TASK INPUT:

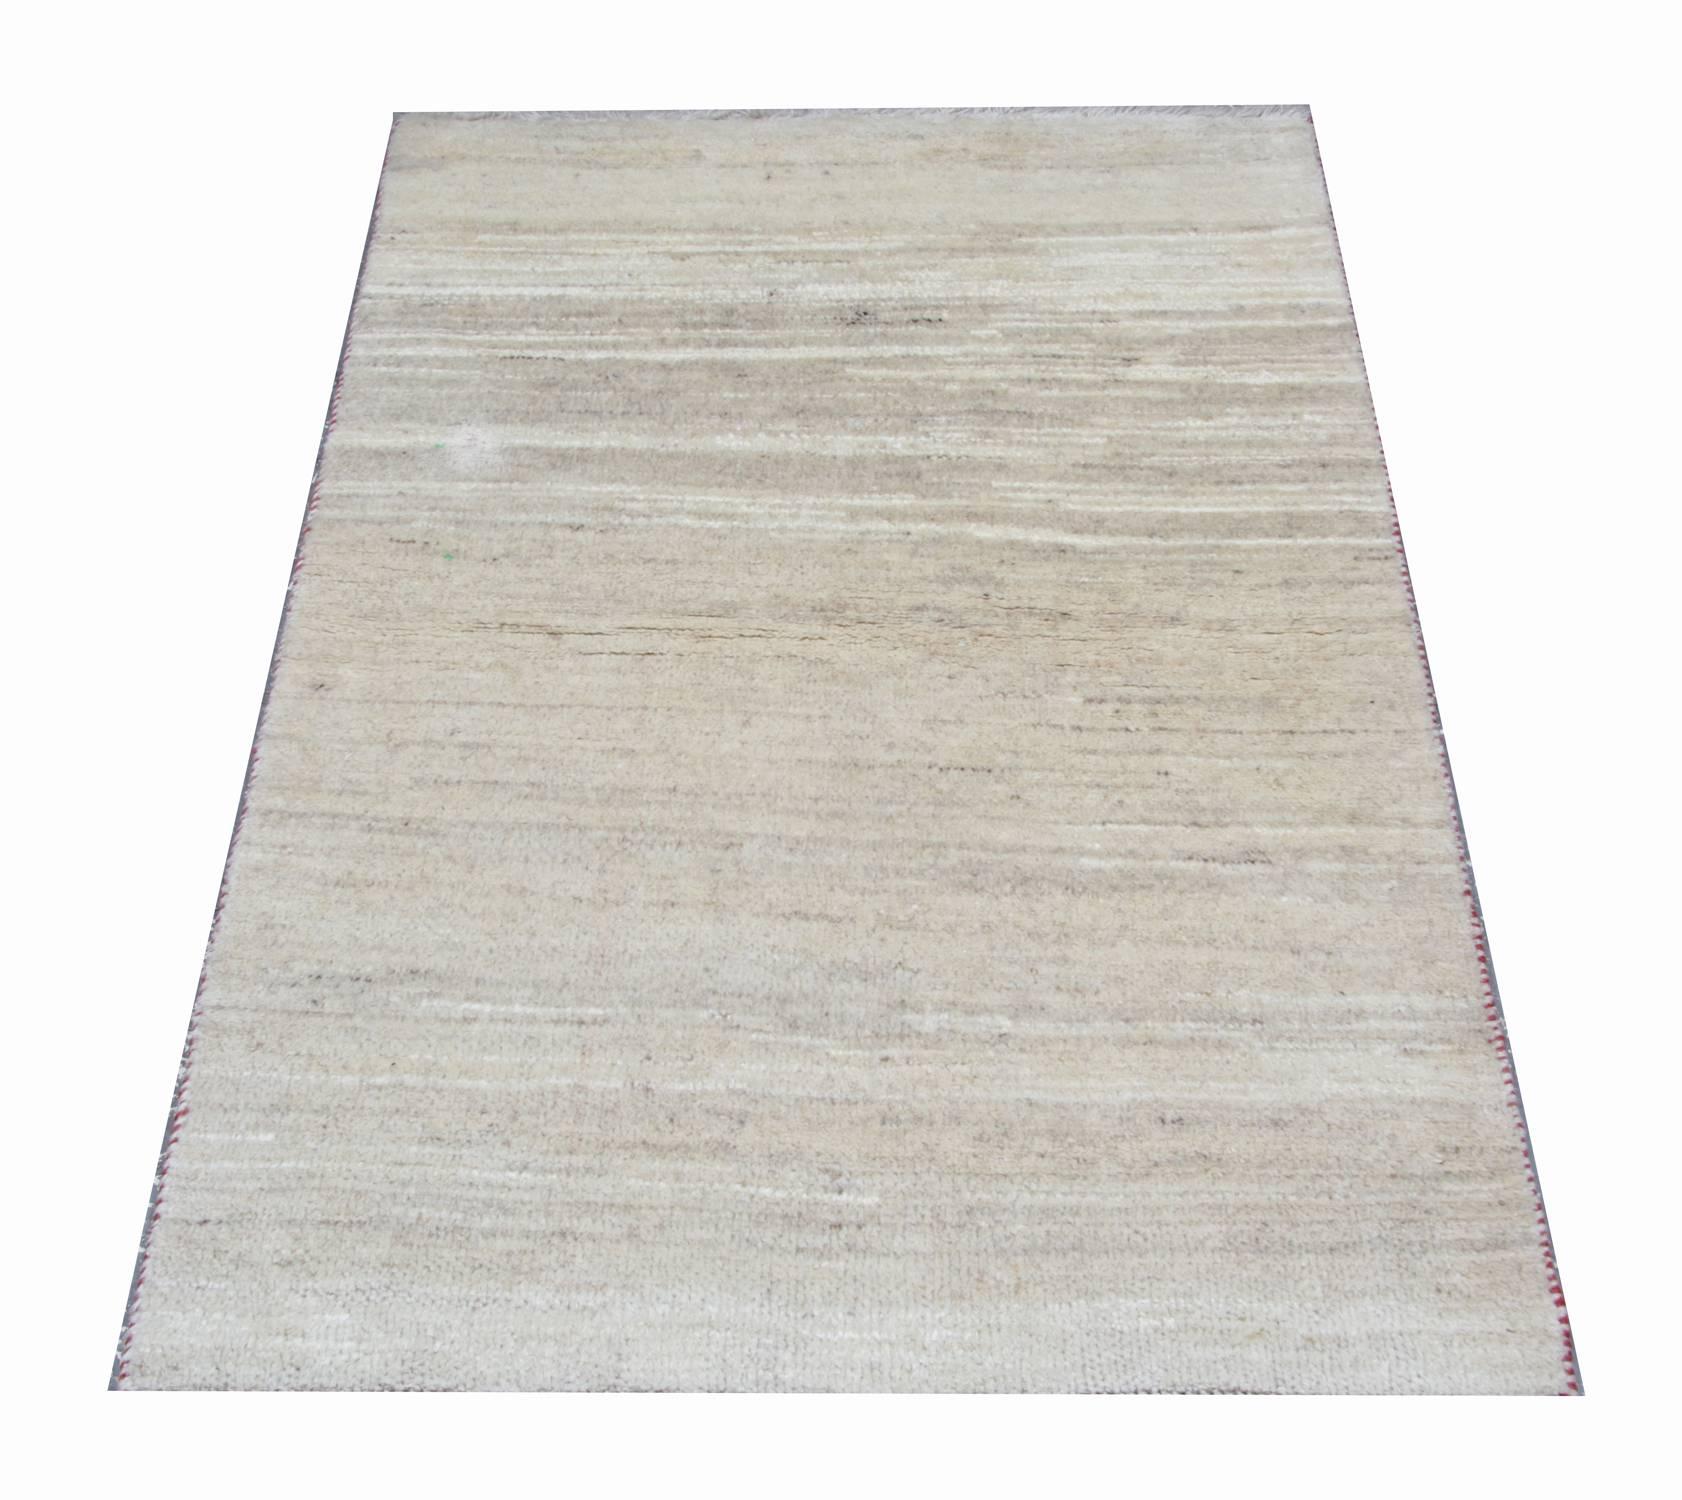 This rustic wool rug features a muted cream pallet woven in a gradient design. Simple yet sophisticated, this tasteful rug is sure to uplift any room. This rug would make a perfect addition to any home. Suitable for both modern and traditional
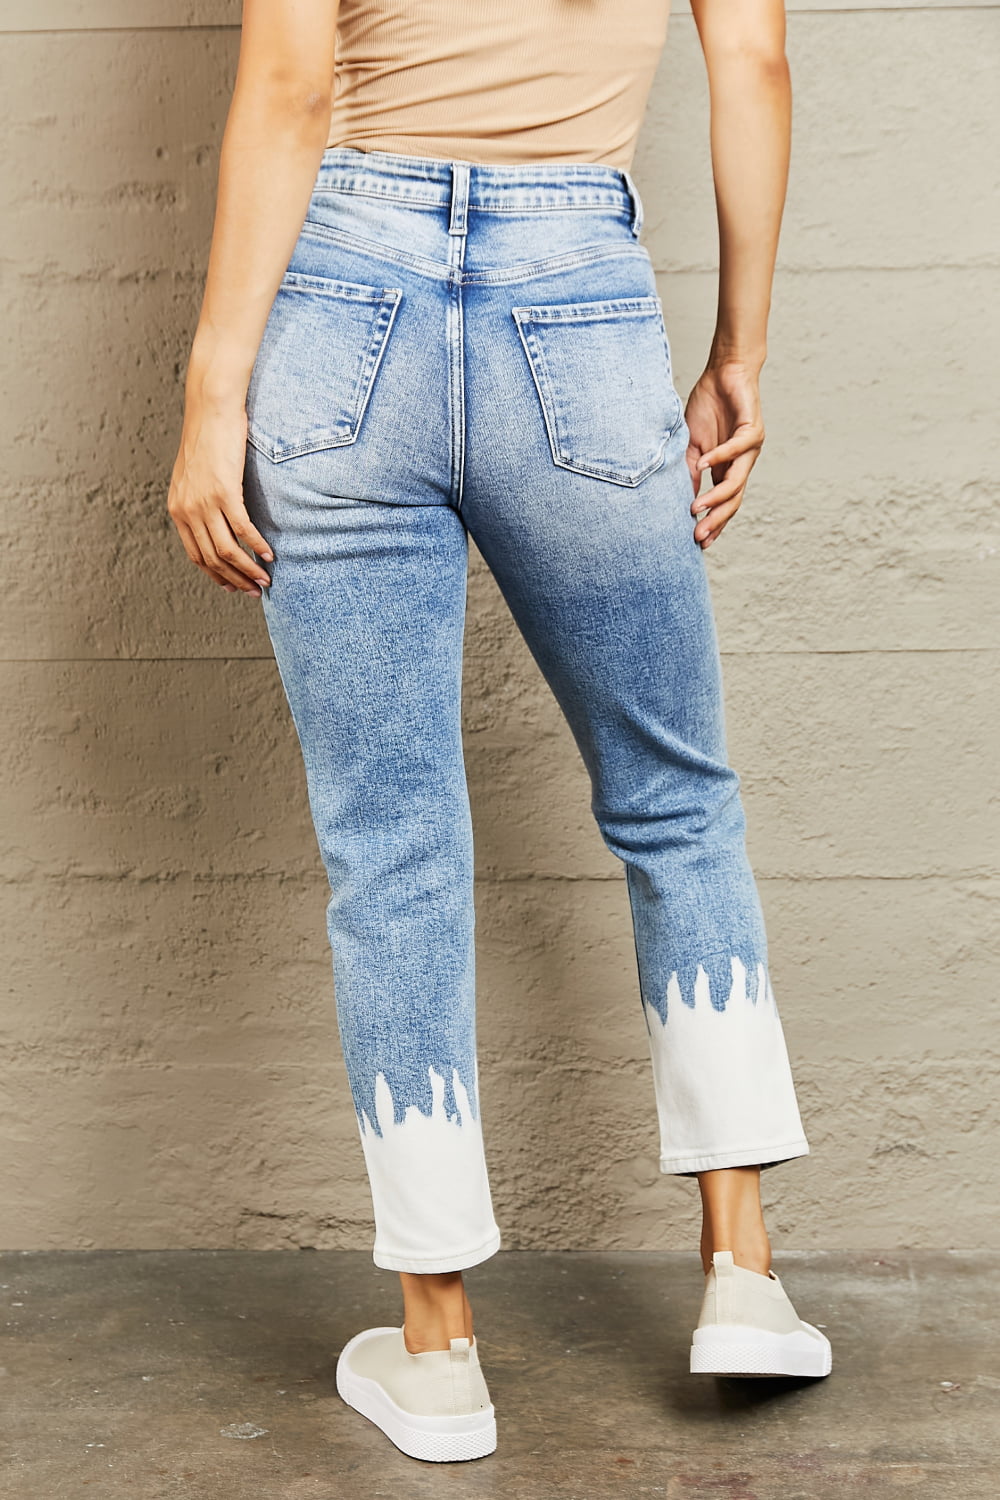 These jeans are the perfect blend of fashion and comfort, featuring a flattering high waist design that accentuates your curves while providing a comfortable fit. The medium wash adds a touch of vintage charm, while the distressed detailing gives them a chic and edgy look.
...
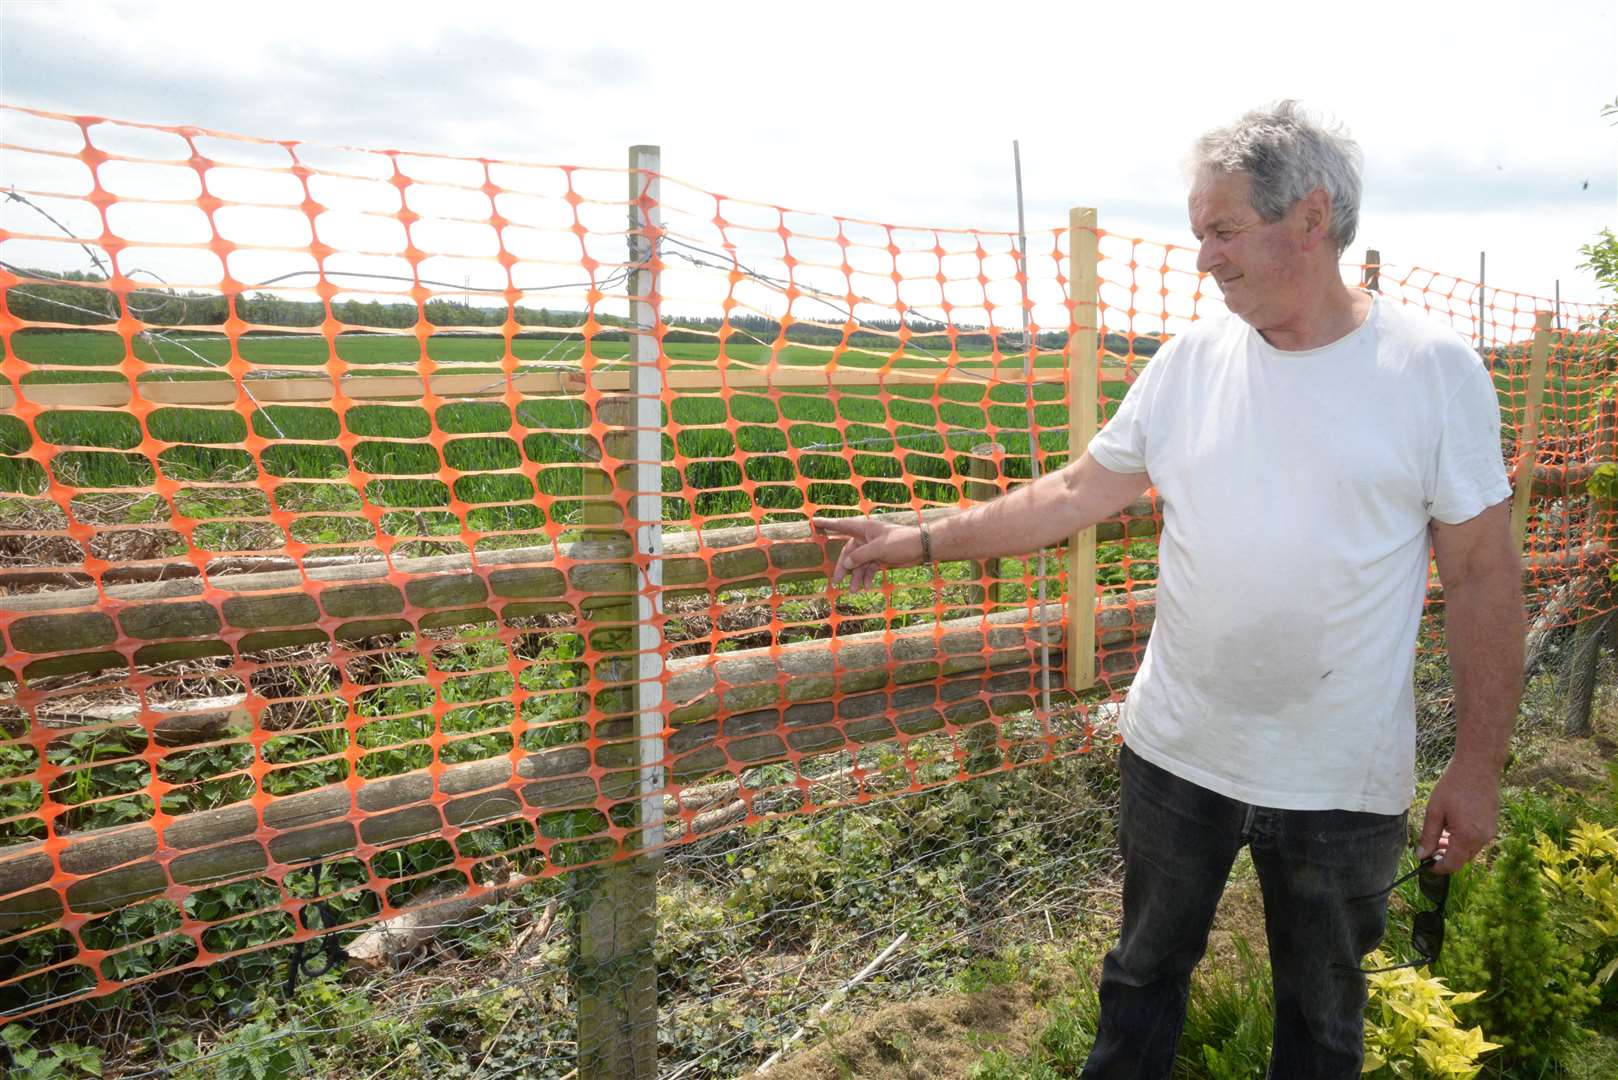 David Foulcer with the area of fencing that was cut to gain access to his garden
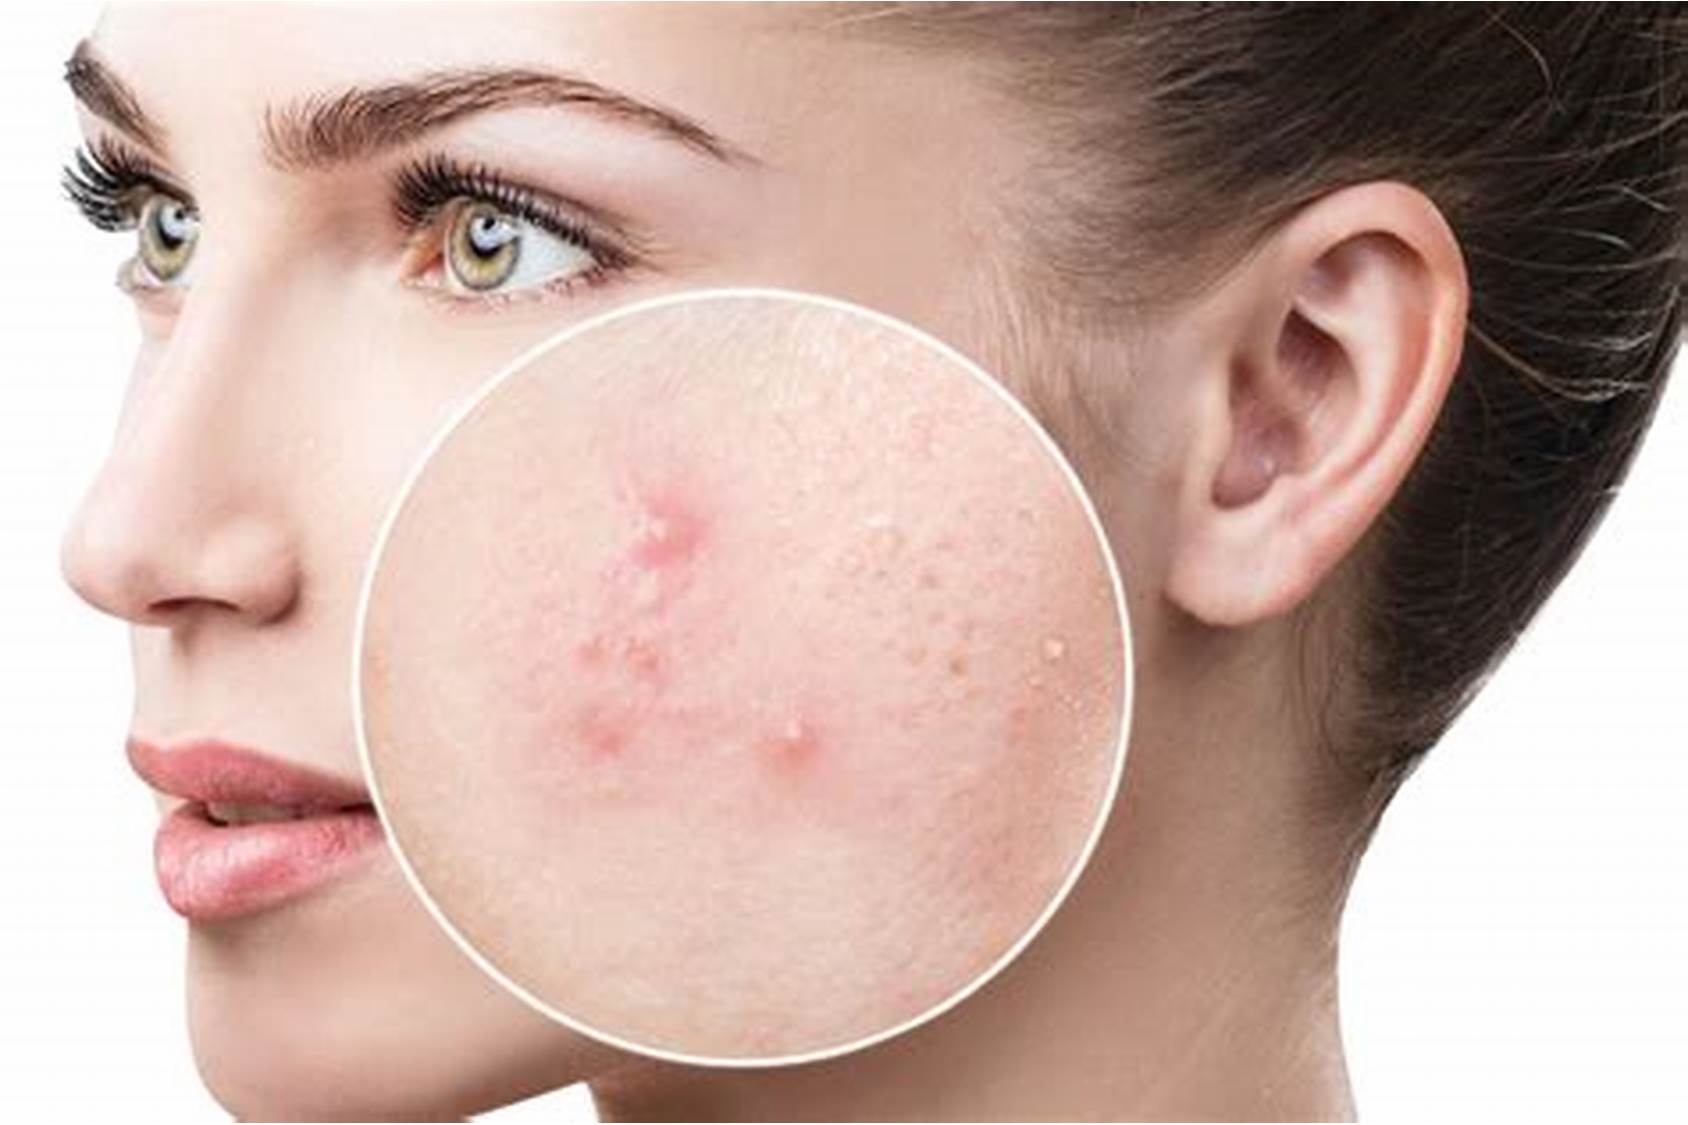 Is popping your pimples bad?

EXERCISE OBJECTIVE:
Now transcribe the lines above exactly, starting at the line containing "David Foulcer with" and ending at the line containing "Is popping your pimples bad?", both lines included, pictures excluded.

OUTPUT OF THE TASK:
 David Foulcer with the area of fencing that was cut to gain access to his garden
 Is popping your pimples bad?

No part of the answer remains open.